Novartis announces EU approval of Gilenya® (fingolimod), the first licensed oral treatment for paediatric MS
· Children and young people diagnosed with MS typically relapse two-to-three times more frequently than adults, causing increased symptom severity1
· Paediatric MS has been shown to affect children and young people’s performance at school, family relationships and ability to participate in everyday routines2
· Recently published data show treatment with Gilenya® (fingolimod) led to significant decrease in key measures of disease activity3
Frimley, November 29, 2018 – Novartis today announced that the European Medicines Agency (EMA) has approved Gilenya® (fingolimod) for the treatment of children and adolescents 10 to 17 years old with relapsing-remitting forms of multiple sclerosis (RRMS).
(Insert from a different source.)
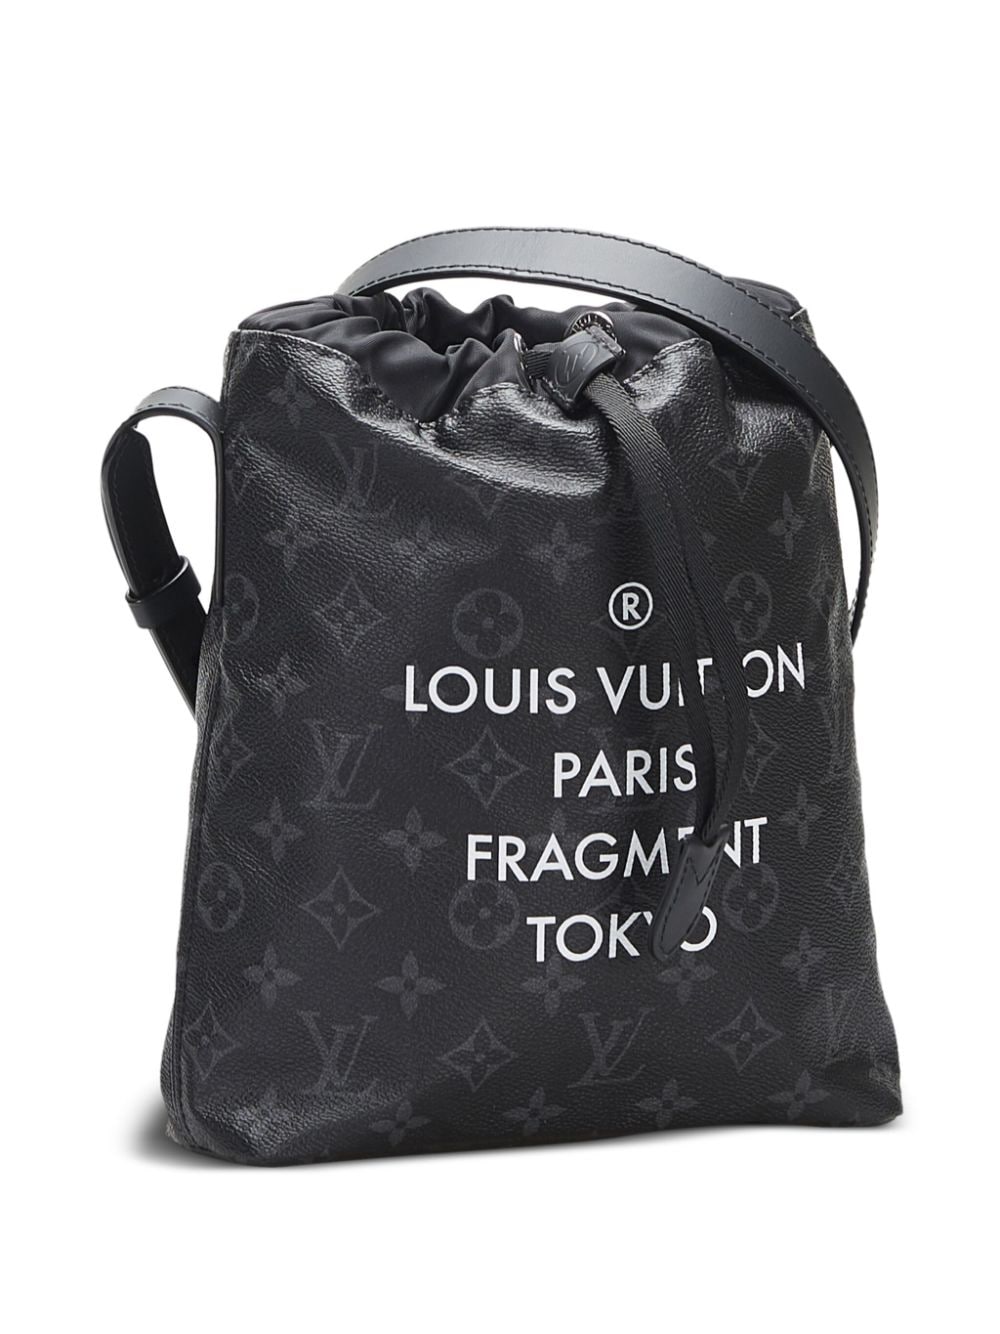 Luxury fashion takes to the street with Louis Vuitton x Fragment collection

The European market authorization makes Gilenya the first and only licensed oral disease-modifying treatment for children and adolescents.
MS is currently the leading cause of non-traumatic neurological disability in young people in Europe4, and it’s thought that approximately 3% to 5% of MS patients experience disease onset before they reach the age of 185. Children and young people diagnosed with the condition typically have two-to-three times more frequent disease relapses than the adult population1, often leading to a more severe prognosis and earlier irreversible disability compared to adult-onset MS1. Symptoms include impaired mobility, poor vision, unsteadiness, fatigue and dizziness6.
Approximately 30% of young people with MS experience severe cognitive impairment, which has been linked to lowered academic performance in school, and often impacts relationships with family and friends7,8. In addition, it is thought that half of children diagnosed as living with the condition will show signs of depression within two years of disease onset 9.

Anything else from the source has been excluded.